Es handelt sich hierbei um mehr oder weniger klassische Konzeptalben, bei denen ein Bewohner einer Marskolonie per Traummaschine durch die Zeit reist, angefangen bei seiner eigenen Jugend, durch das 20. Jahrhundert, das Mittelalter, die Steinzeit und schließlich bis zurück zum Urknall, nur um am Ende zu sterben und als freie Seele durchs Universum zu ziehen (oder so ähnlich). Die Story find ich relativ irrelevant,  wichtiger sind die Songs. Das erste Album besteht dabei aus eher proggig und ruhig angehauchten Songs, auf der zweiten Scheibe dürfen dann auch verschärfte elektrische Gitarren ran.

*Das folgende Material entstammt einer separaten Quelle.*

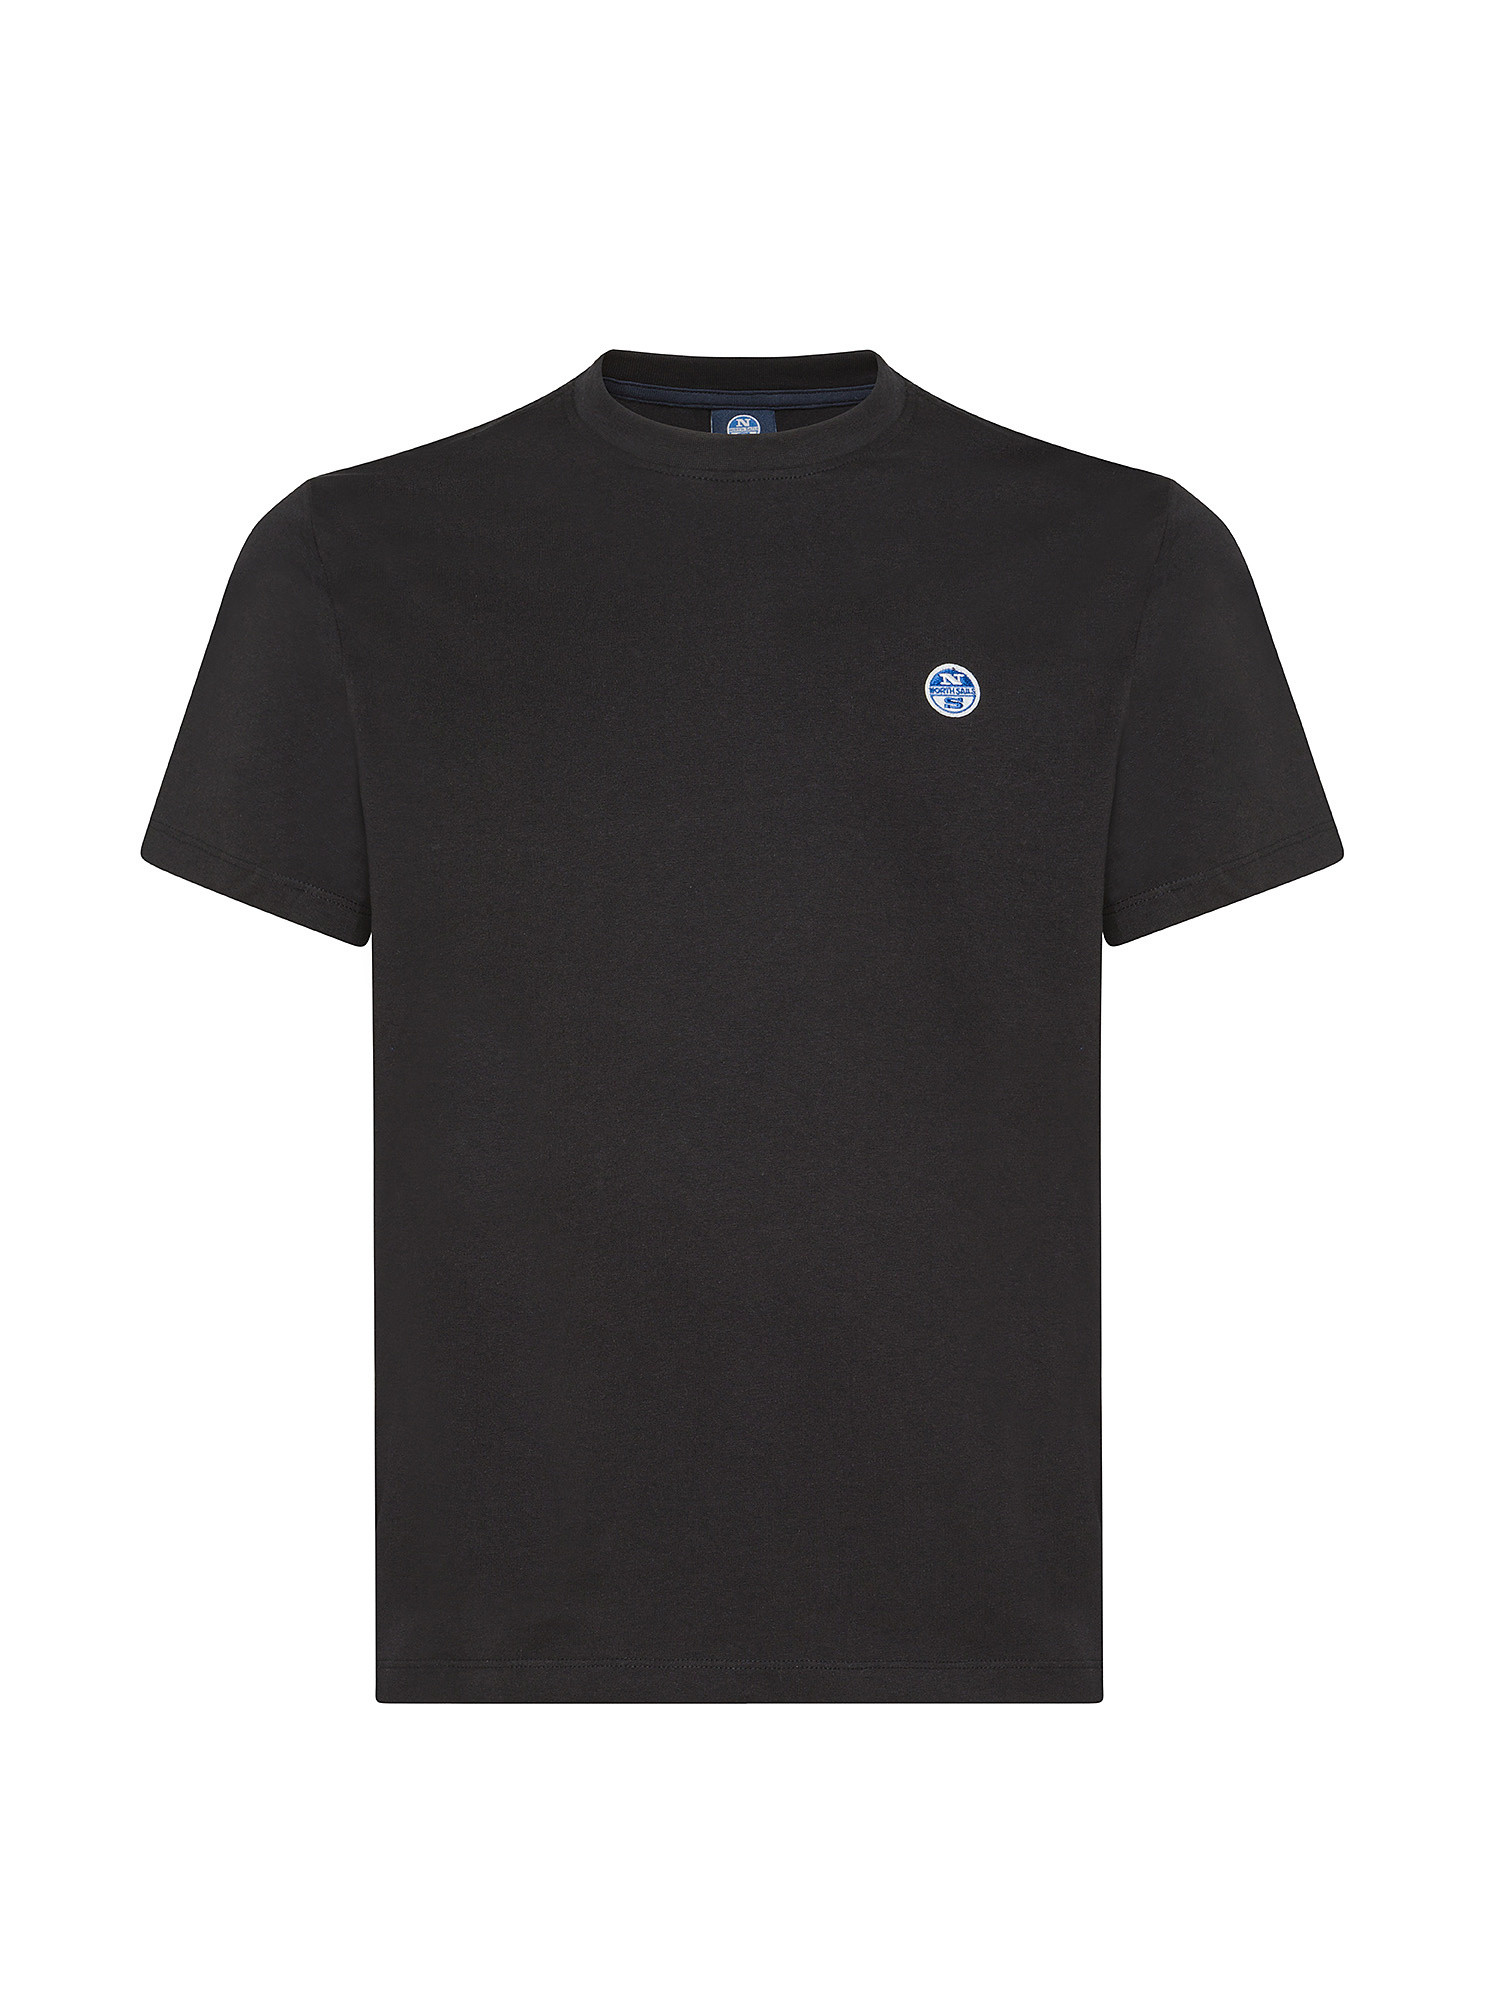 North Sails - Organic cotton jersey T-shirt with micrologo, Black, large image number 0

Beim ersten Hören des ersten Albums, abends nachdem ich heimgekommen war, bin ich irgendwo nach den ersten zwei oder drei Nummern auf dem Sofa meines Bruders eingepennt – das lag aber nicht daran dass das Album eine Schlaftablette ist, sondern ich war einfach fix und alle. Auf jeden Fall beginnt das Album mit einigen Soundeffekten,  die den geneigten Hörer auf den Mars versetzen und den Beginn des Traums markieren – die Ähnlichkeiten im Gitarrensound zu Shine On You Crazy Diamond von Pink Floyd sind hier bestimmt nicht zufällig. Der erste echte Song, My House On Mars, wird von Johan Edlund und Floor Jansen intoniert und ist ein recht trauriges düsteres Stück Musik, aber der Gesang ist Weltklasse. Es folgt 2084, welches beschreibt wie die Marskolonisten sich auf die Reise machten, nachdem die Erde unbewohnbar geworden war – nicht unbedingt das geeignete Stück für irgendwelchen Eskapismus. Wesentlich cooler finde ich das folgende One Small Step, welches sich um die Mondlandung und Apollo 11 dreht. Die Keyboards gehen hier auf 11, das kann man käsig finden oder auch nicht, mir gefällts, komplett mit synthetischer Fanfare und allem Bombast, den man da so gebrauchen kann.

Die folgenden Stücke fallen dagegen etwas ab, die Reise geht weiter ins Amsterdam des 17. Jahrhunderts und die Spanische Armada, die 1588 von Francis Drake geschlagen wurde – Geschichtsstunde mal anders quasi. Weiter gehts mit Geschichten über die Maya und Stonehenge, bevor man am Ende mit The First Man On Earth nochmal ein Highlight postiert, was alles bietet was Spock’s Beard auszeichnet und dabei nicht von Spock’s Beard stammt – auch wenn Neal Morse großartigen Gesang beisteuert.

Auf dem zweiten Album gehts deutlich heftiger zur Sache, gleich beim Opener Dawn Of A Million Souls dröhnen die Gitarren mit ’ner Hammond-Orgel um die Wette, dass es eine Freude ist – und Russell Allen plus Damian Wilson am Mikro geht eh immer. Die folgenden Stücke (Journey On The Waves Of Time, To The Quasar, Through The Wormhole, Out Of The White Hole) sind relativ geradliniger Heavy Metal mit fetter Produktion und ein paar versprengten Schnörkeln, die den Flug durchs Universum beschreiben. Genau in der Mitte dieser Songs ist aber noch das absolute Highlight der beiden Alben platziert: Into The Black Hole. In diesem Stück fährt Meister Lucassen die fettesten Geschütze an Analog-Synthies, Gitarren und sonstigem Bombast auf, um damit eine der besten Gesangsleistungen von Bruce Dickinson zu untermalen, die dieser je aufgenommen hat. Auf rund 10 Minuten hat man hier sämtliche Trademarks der beiden Alben knackig zusammengefasst.

Fazit: Als spaciger Trip (im wahrsten Sinne des Wortes) funktioniert das auch heute noch prima, man sollte sich aber schon die Zeit nehmen die Alben am Stück zu hören, weil die Songs eh ineinander übergehen und eine Gesamtgeschichte erzählen.